# Hydrometer, floating



## nbn (Jan 8, 2013)

Hi,

My problem with a floating hydrometer iis when it is n my tank is that it is always reading 1.000. I have seen it read it at 1.020 which is what I want but that was only when I had like 1 1/2 cup of salt in a 4 gallon bucket. I don't know why it reads 1.000, instead of like 1.010 (since I have like a 40 gallon tank, I have placed over 4 cups of salt in total).

Can anyone help?

I tried the following. 

Taken the water back outta the tank, and test it in a bucket (4 gallon) and it reads 1.000. Should be at least 1.010 consider that 40 gallon divided by 4 cups is like 64 tablespoon. (= 1/2 cup per gallon).

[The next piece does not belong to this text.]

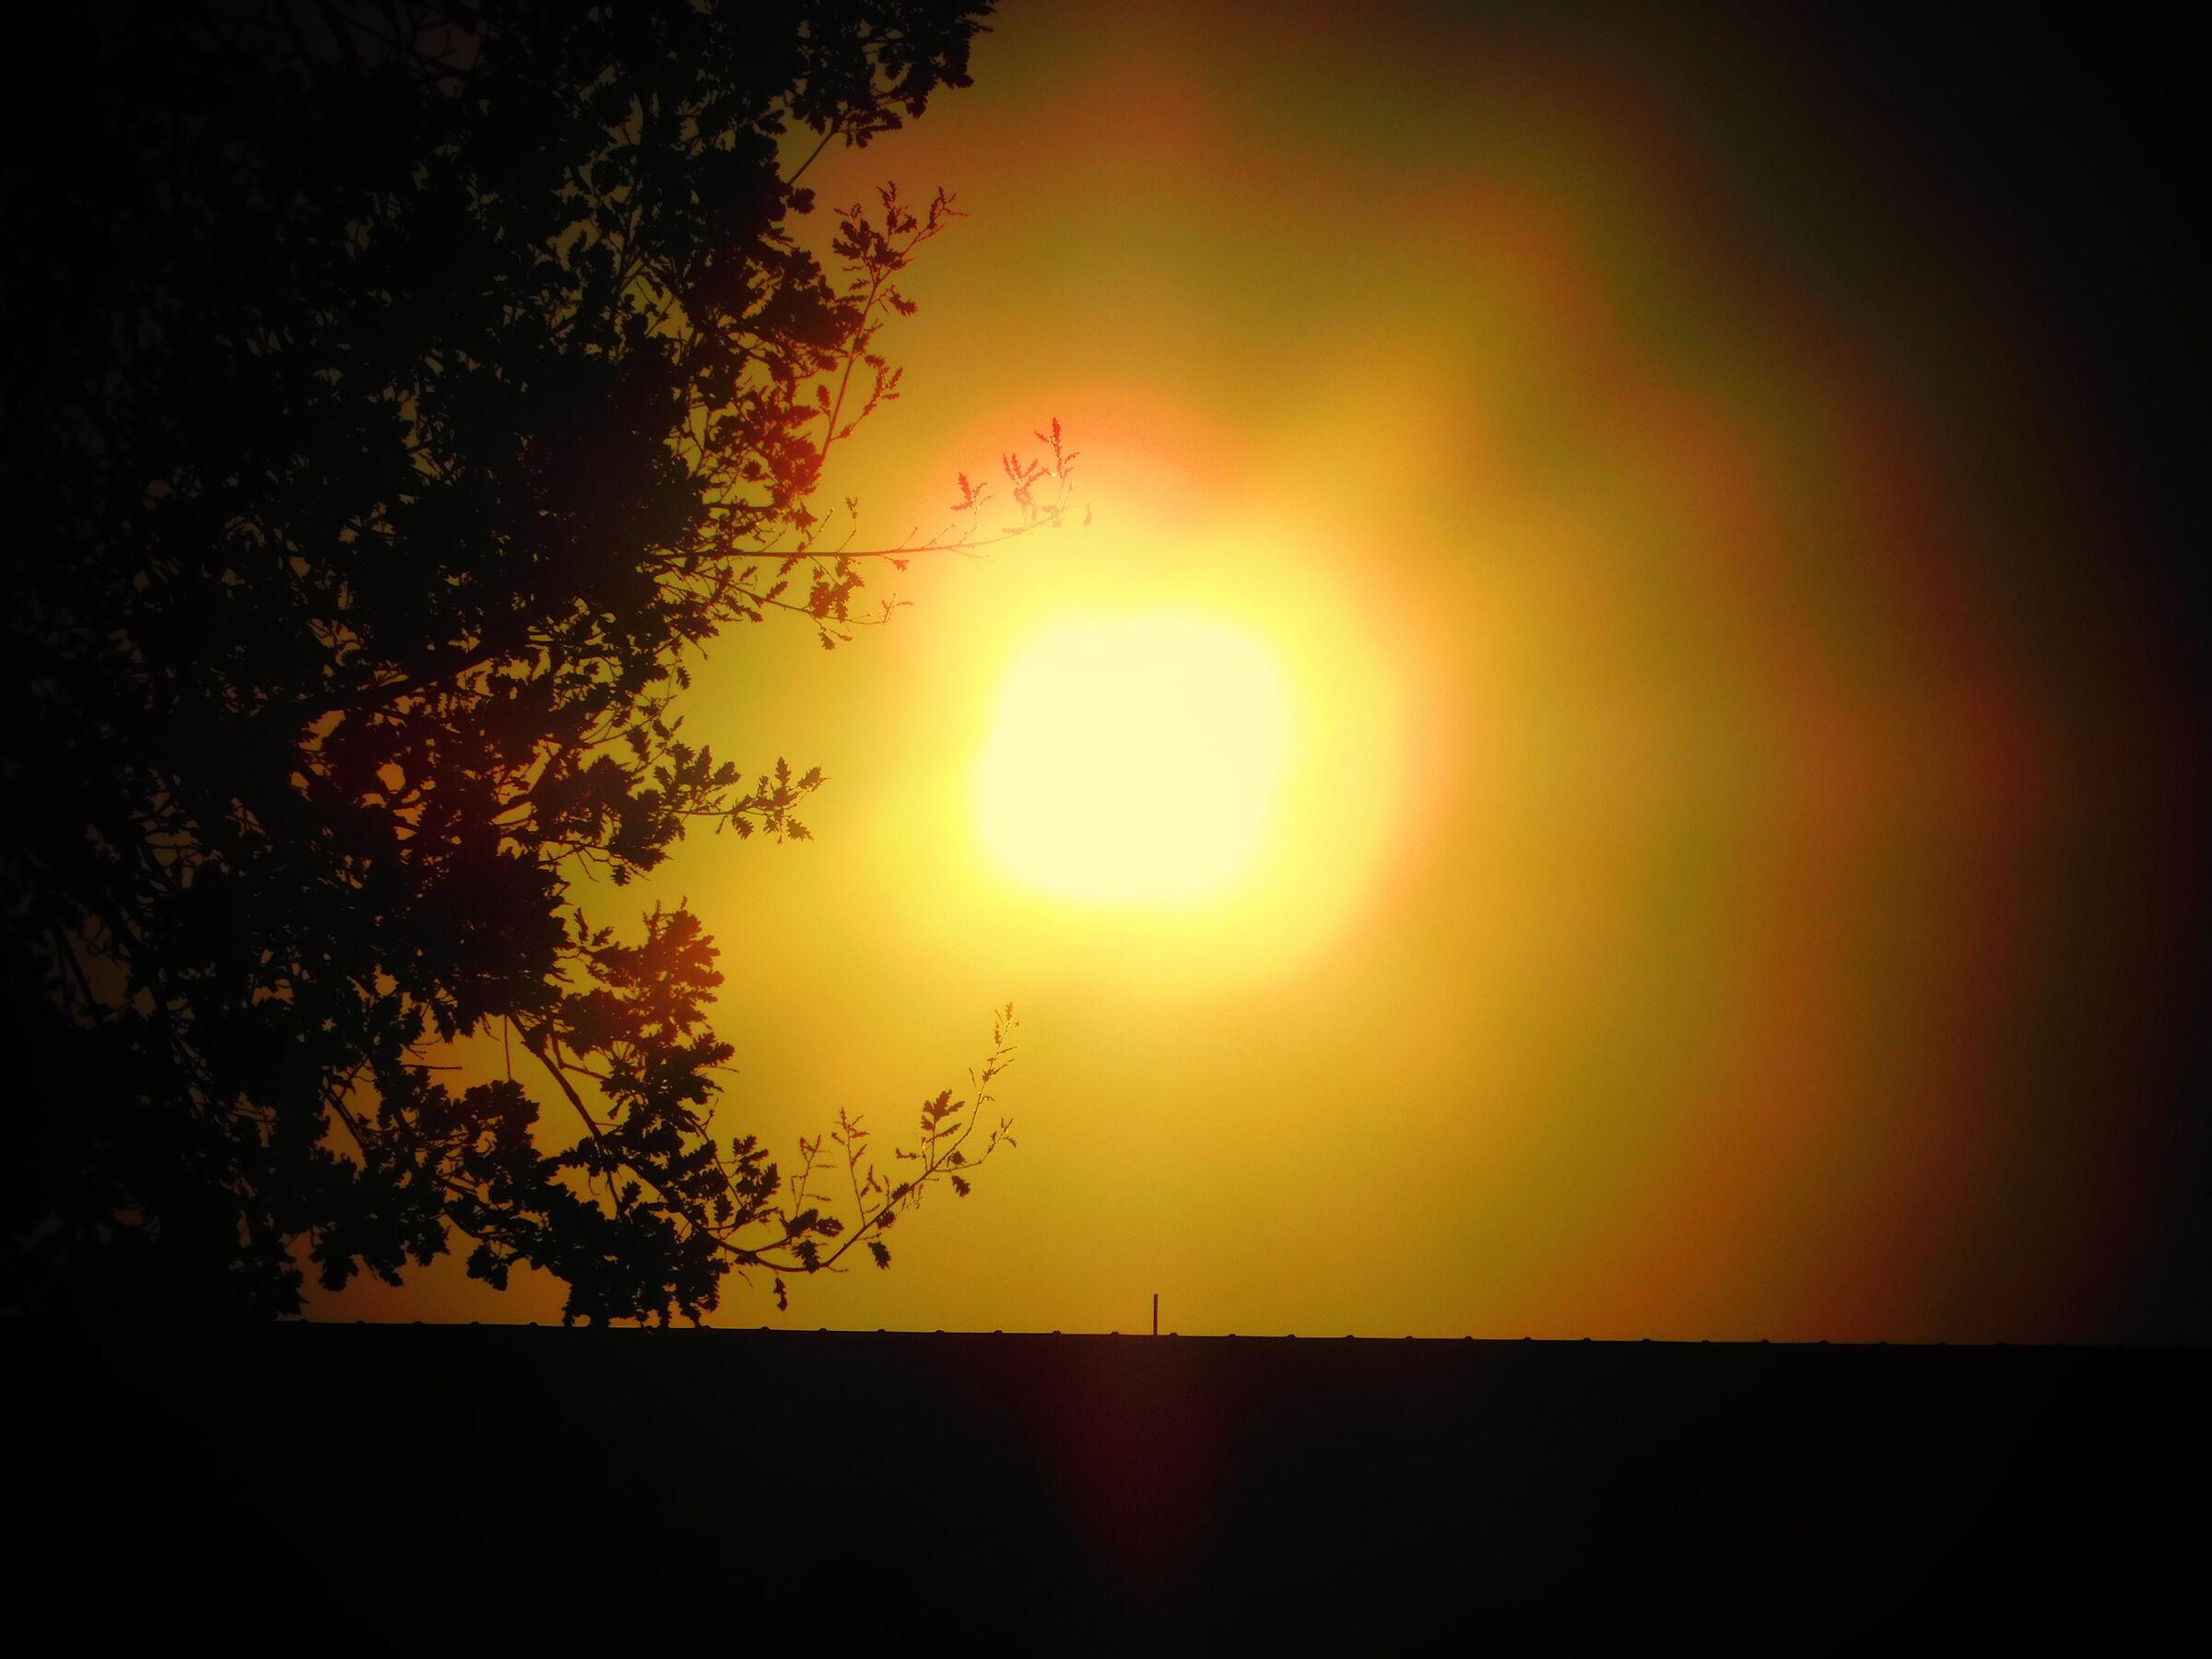 Details at sunset...

- turned off all my stuff, air pump, water pump, etc...
- it is a floating hydrometer with the temperature, it reads it at 82 Farenheit. 

Please help. 

Thanks.
(I understand there are two other kinds, Instant Ocean Hydrometer and a Refractmeter, but I can only manage with what I have until I get a better measuring device).

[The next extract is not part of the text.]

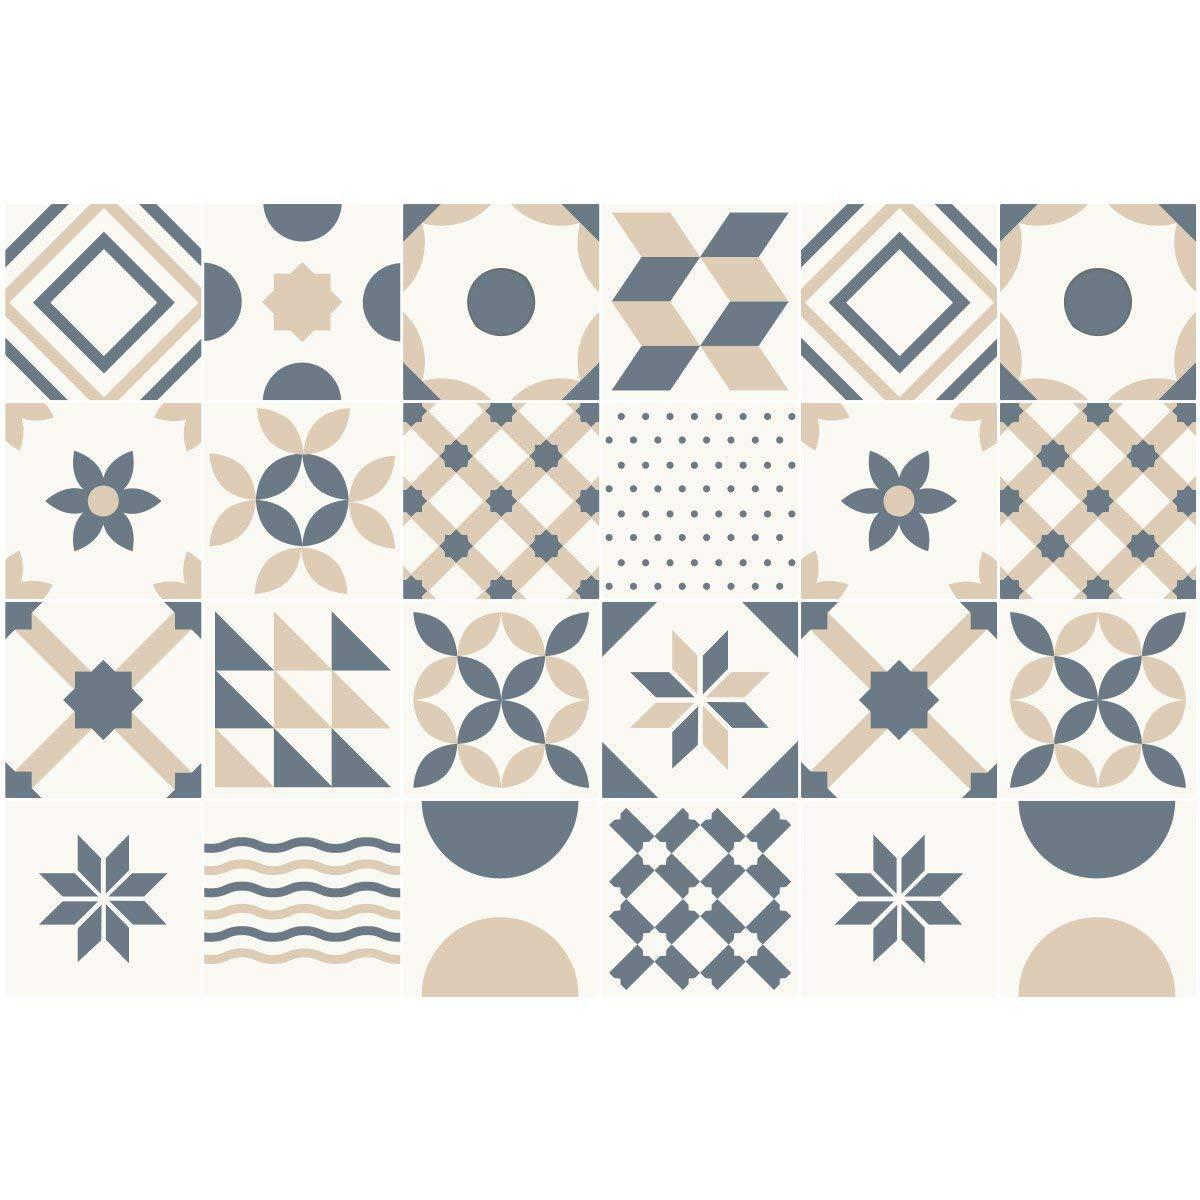 Ambiance-Live Karo-Zement Wandtattoo Wandtattoo Wandtattoo – BlauEJOS – 20 x 20 cm – 24-teilig B072QD5WM5 Wandtattoos & Wandbilder a29c96

Oh and one more thing, I have my tank on a stand. Will that change the measurement?


----------



## badxgillen (Aug 20, 2010)

The tank not being level should not effect its ability to read the specific gravity of the water but any mineral buildup or residues on the side may effect buoyancy. Some of these are temperature specific and if I recall are set for reading at a temperature of 77F. Even still it should have read some salinity if the salt was dissolved into the water. Can you take it to a Local Fish Store and have it tested against another source or system of measurement? I know you may have checked already but is there a possible crack and it is no longer reading right?


----------



## nbn (Jan 8, 2013)

just want to keep you updated. I tried mixing a 4 gallon bucket with about 1 1/2 cup of salt, and the result was I got a reading. It was around 1.020. So I am glad its not my hydrometer (floating) but I STILL can't get a good reading with it in my tank. Oh well, I guess that's what happen when its a 5 bucks measuring device. 

Anyway, I think my tank has enough salt already so I will stop now. Do you know if the height of my water level will have an effect on the reading? Because my tank is pretty tall 2 feet.


----------



## badxgillen (Aug 20, 2010)

No the depth will not change the reading,it is the dissolved salts in the water that causes the hydrometer to gain buoyancy, not volume of water.


----------